SUPPLIED MATERIAL ->
· · · ·

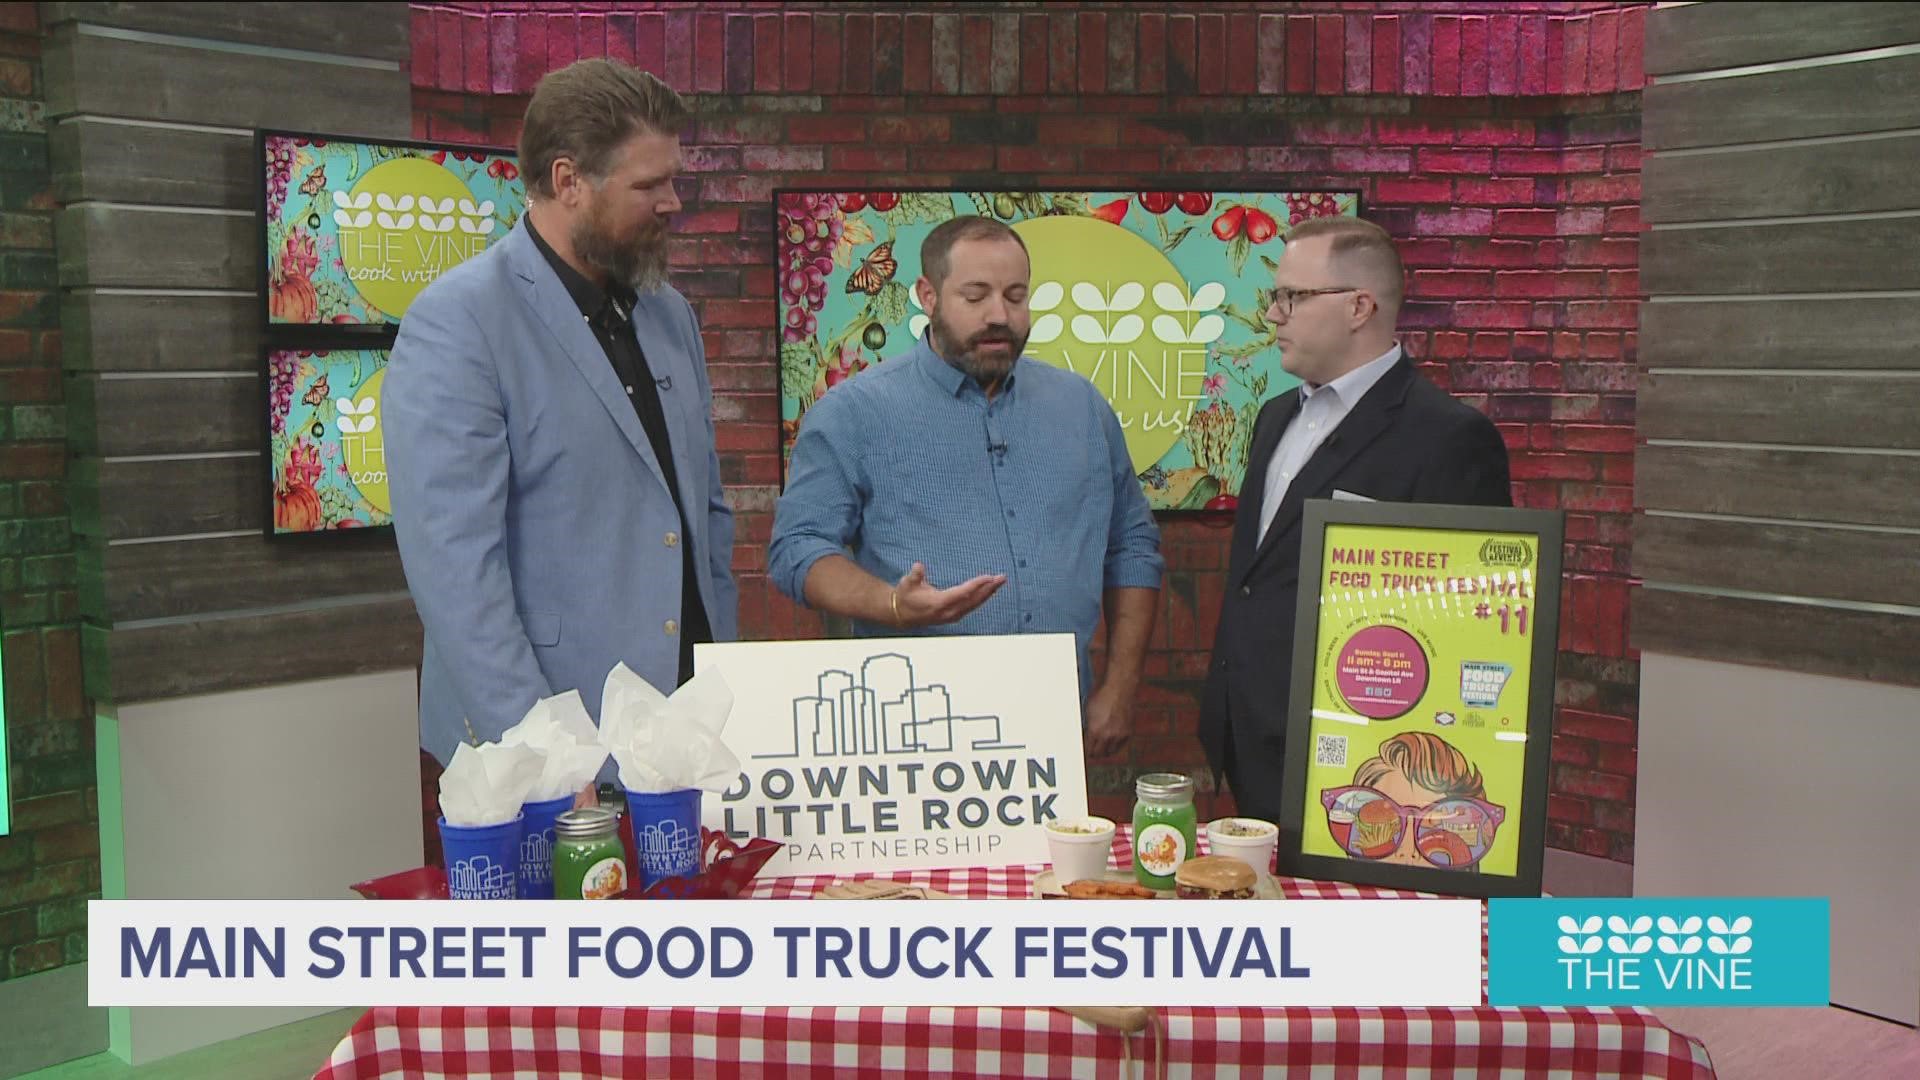 The Main Street Food Truck Festival was an idea created by the task force as a way to bring people back to Main Street and support Downtown Little Rock.
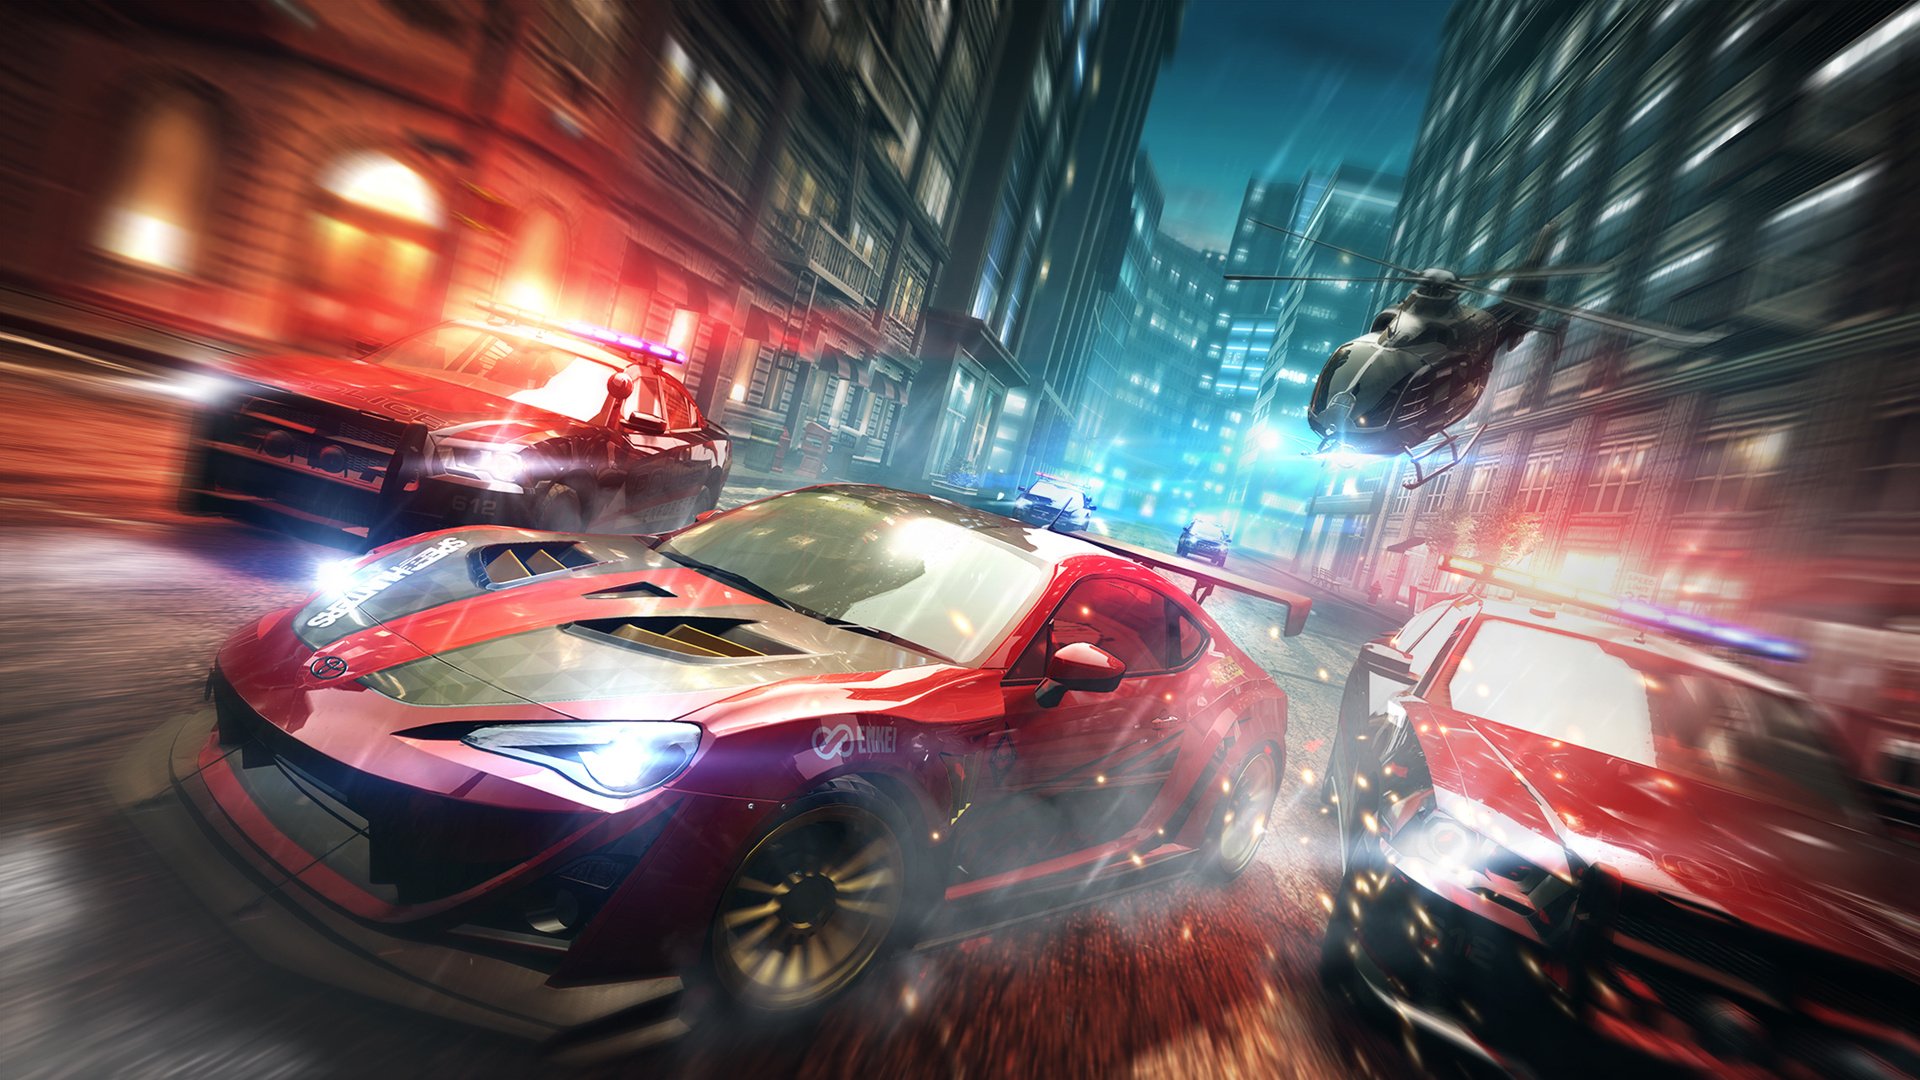 ea-removes-all-traces-of-previous-need-for-speed-games-ahead-of
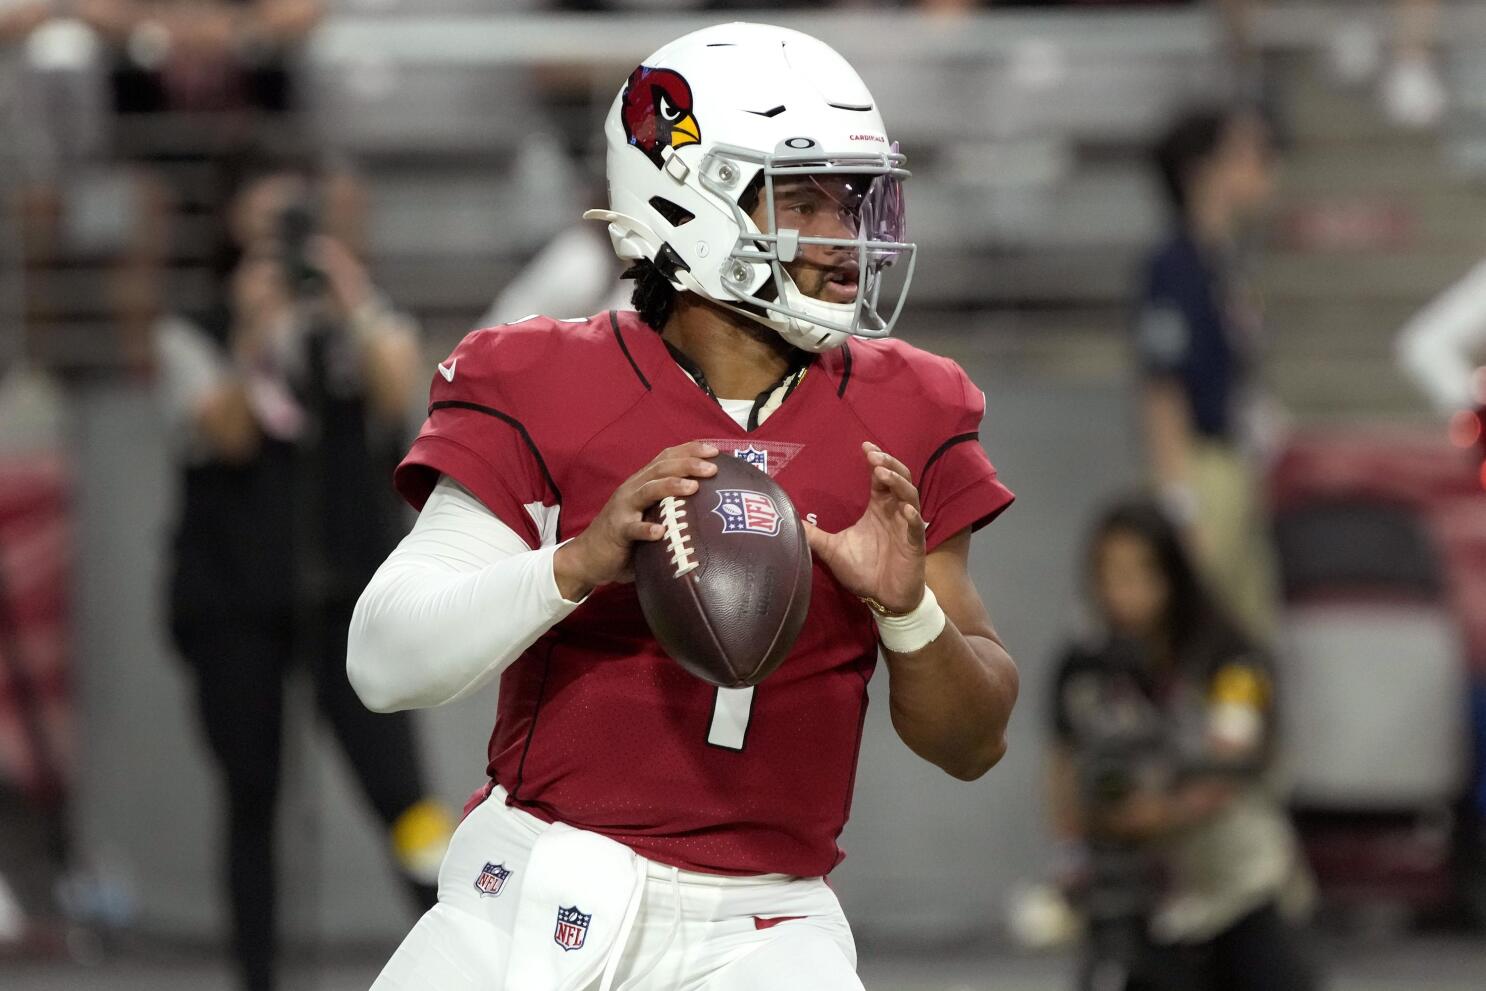 Years later, Arizona's Larry Fitzgerald ready for another playoff run

· · · ·

WHAT TO DO -> Drop the pictures, then repeat the material word for word.

SOLVED EXERCISE ->
 The Main Street Food Truck Festival was an idea created by the task force as a way to bring people back to Main Street and support Downtown Little Rock.
 ea-removes-all-traces-of-previous-need-for-speed-games-ahead-of
 Years later, Arizona's Larry Fitzgerald ready for another playoff run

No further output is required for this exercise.